It sounds lke the union movement in the US has a lot of maturing to do. Unions in Australia look after the rights of their members and a big part of this is collective bargaining. Large employers have decent sized teams working out employment conditions, and the union (or group of unions) is a reasonable counter to this. Otherwise you have a team of 5-10 professional negotiators 'negotiating' with employees one-on-one.
When industrial action is called for by the more mature unions, participation is voluntary. I was a member of a union that represented clerical and technical people in the electricity and local government industries. I had the choice of not striking, and when I did I was able to record that as protected industrial action.
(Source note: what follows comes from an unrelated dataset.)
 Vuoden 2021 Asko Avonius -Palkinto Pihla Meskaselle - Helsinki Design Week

It gave my supervisor's manager a bit of a panic as he had to record it, and it wasn't usual for a professional engineer to strike (just for the day). The blue collar union that represented the electricians had very high turnouts, and the 'association' representing managers and professional engineers didn't get too many people taking part.
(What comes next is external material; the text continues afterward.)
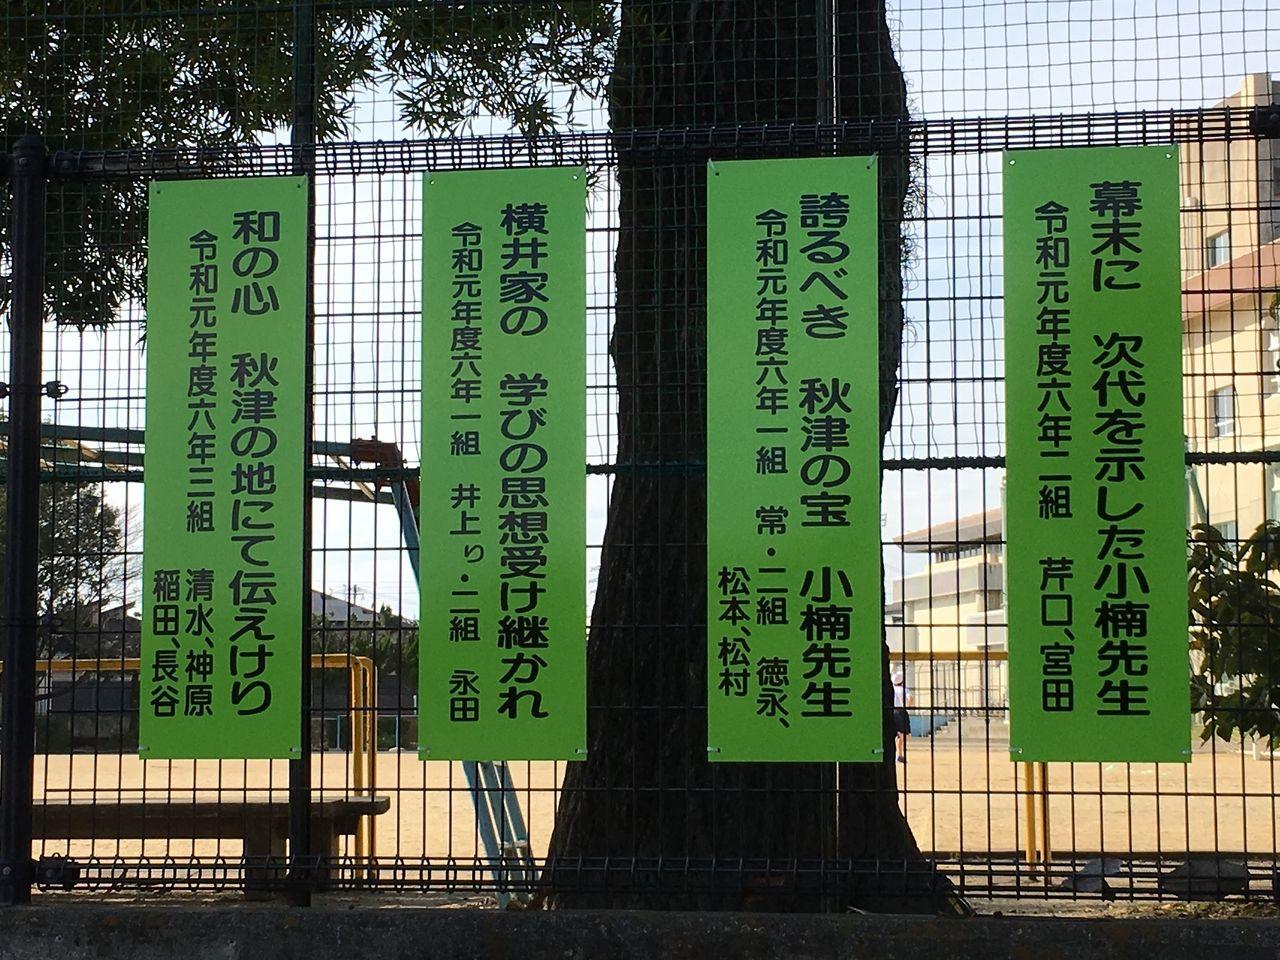 秋津小あいさつ通りに掲示された標語

Promotion is on the basis of merit in the power industry, and the 'last on, first off' rules are pretty much legislated out of existence. Some unions do make rediculous demands when they think they have management over a barrel, and sometimes that results in jobs going overseas. Heinz were put in that position, and rather cave in to Australian union demands they expanded a factory in New Zealand instead.
A union that cares about the welfare of its members is also happy for an unsafe or dangerous worker to be shown the door. If workers bypass safety devices on a machine then they will get little support from their union, and rightly so.
Perhaps the US is just a few years behind the rest in the maturity of unions?